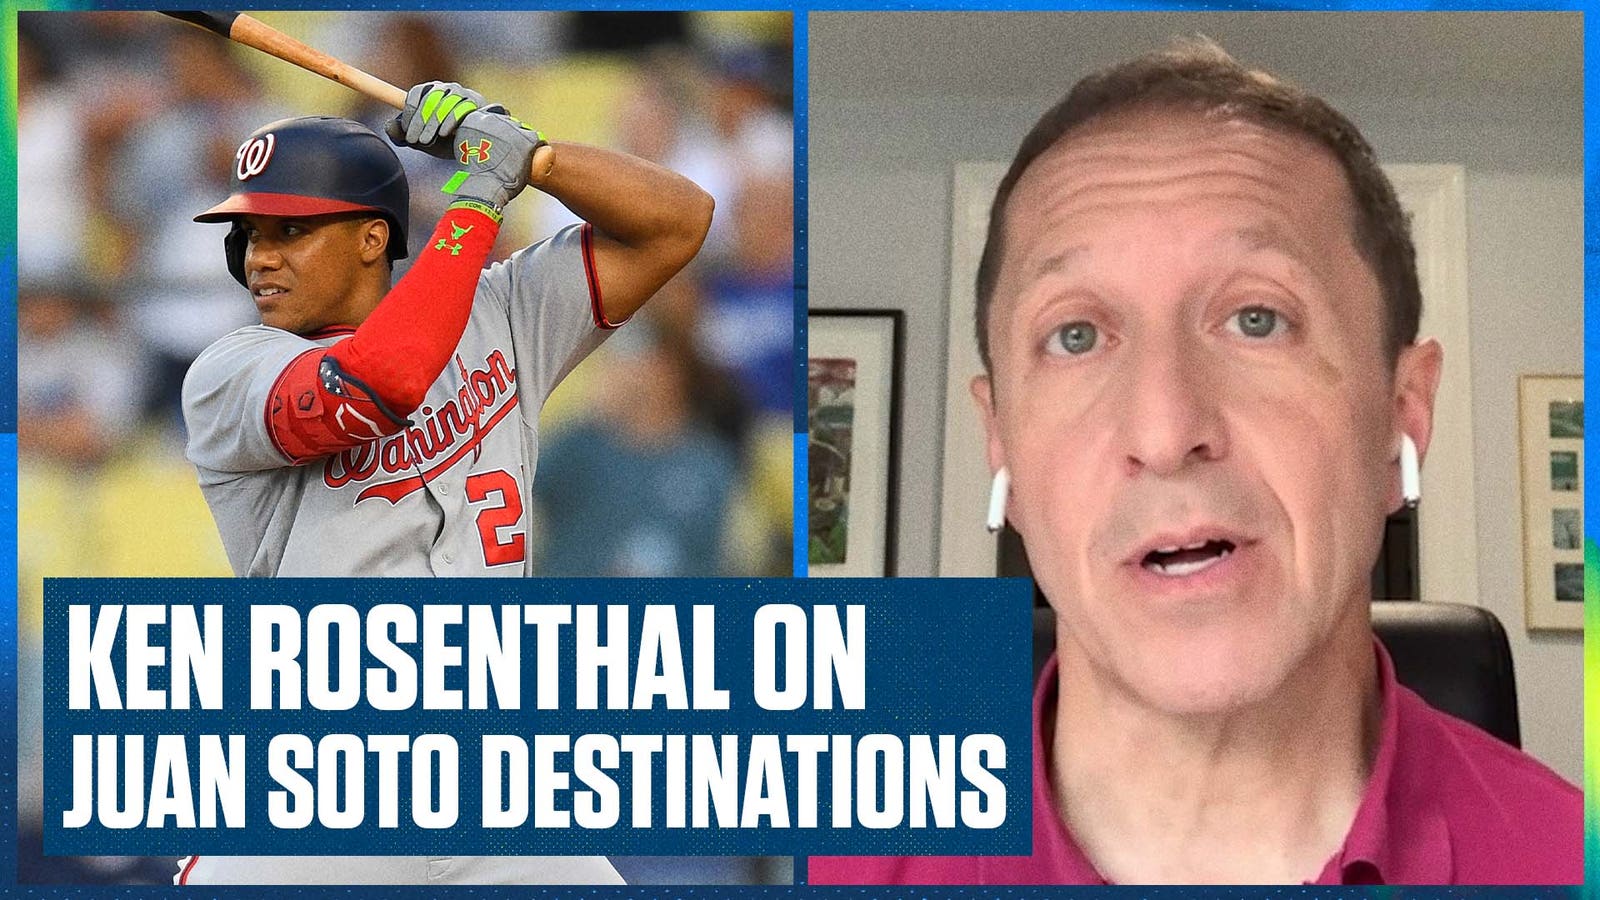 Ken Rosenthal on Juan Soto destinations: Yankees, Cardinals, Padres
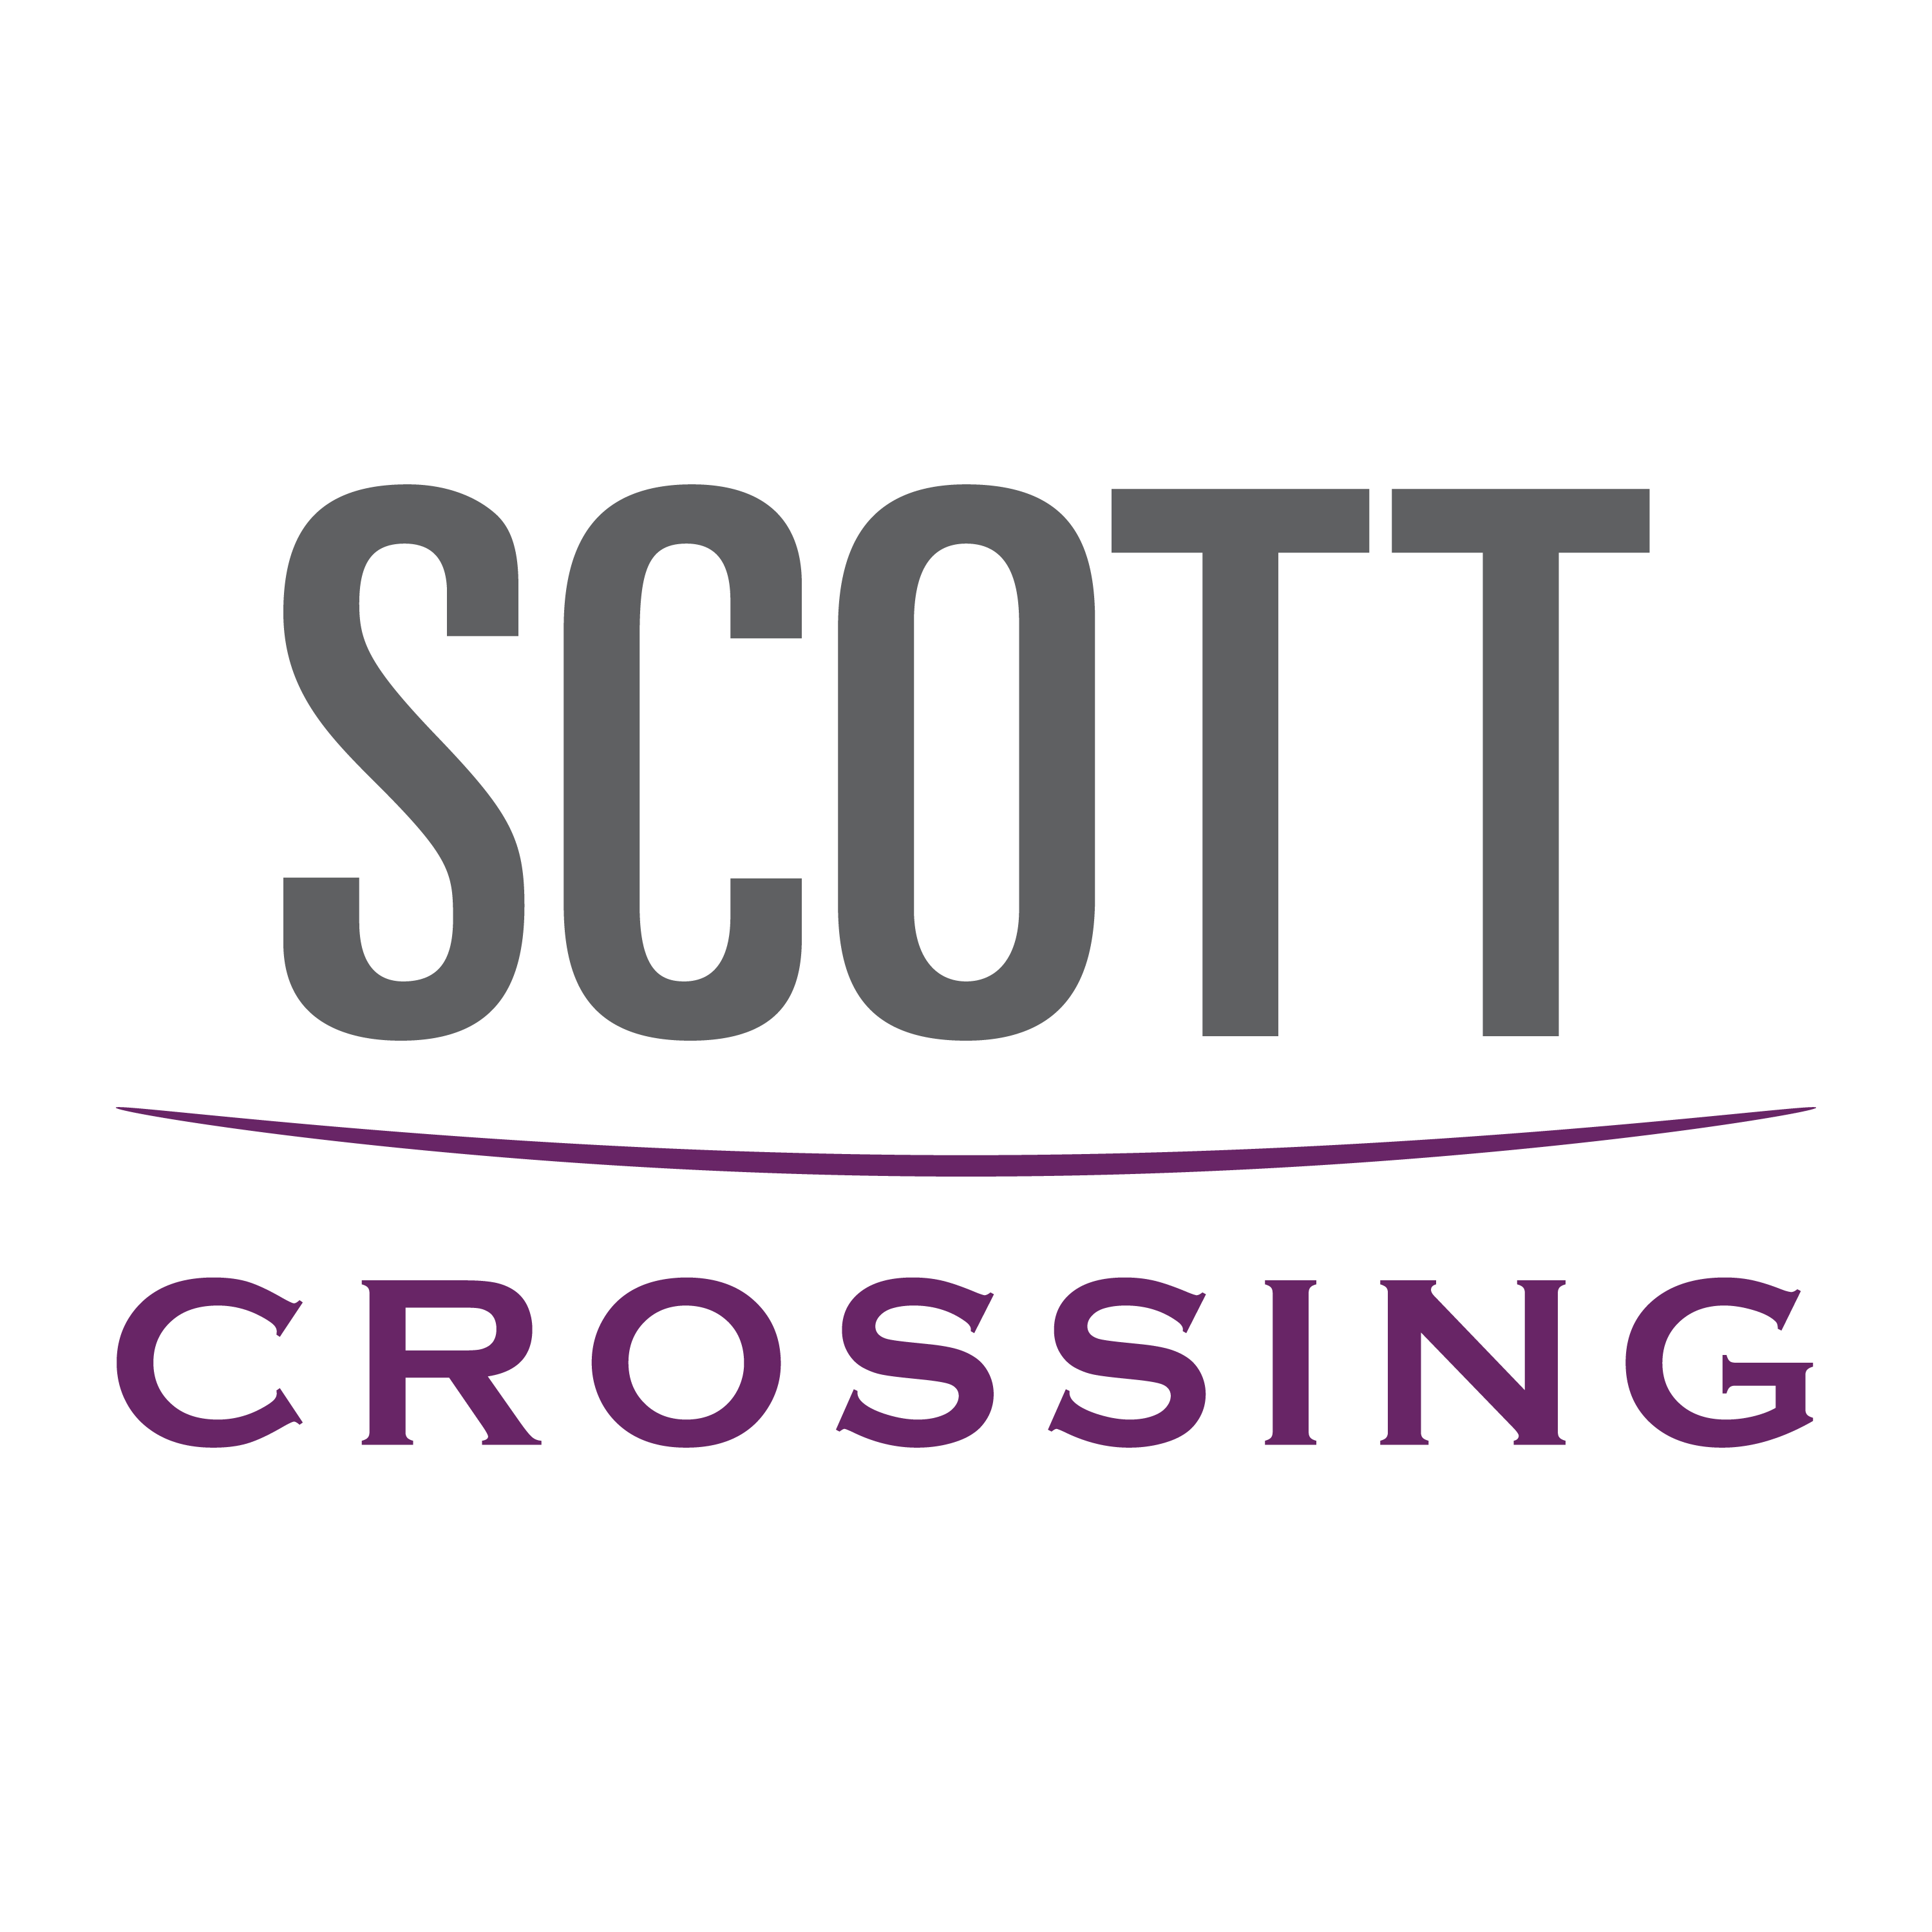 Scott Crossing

* * *

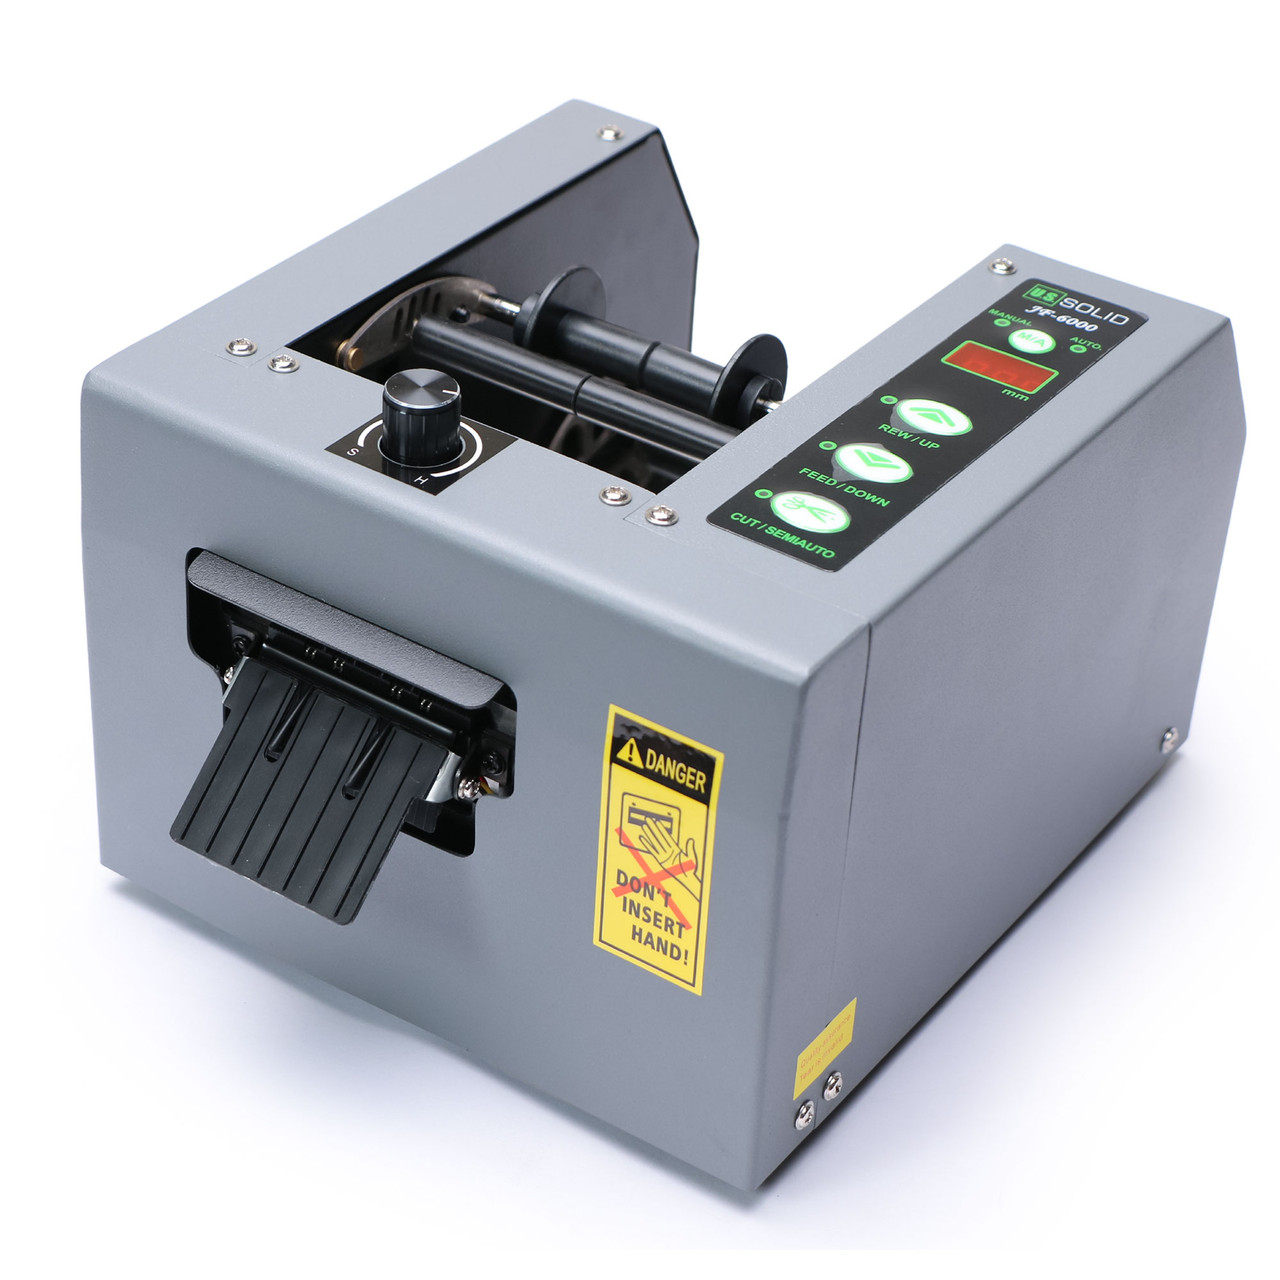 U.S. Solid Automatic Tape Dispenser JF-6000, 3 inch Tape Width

== Problem ==
Although pictures appear among the records above, write out exactly only the lines from the one that has "Ken Rosenthal on" through the one that has "Scott Crossing", and leave the pictures out.

== Solved exercise ==
 Ken Rosenthal on Juan Soto destinations: Yankees, Cardinals, Padres
 Scott Crossing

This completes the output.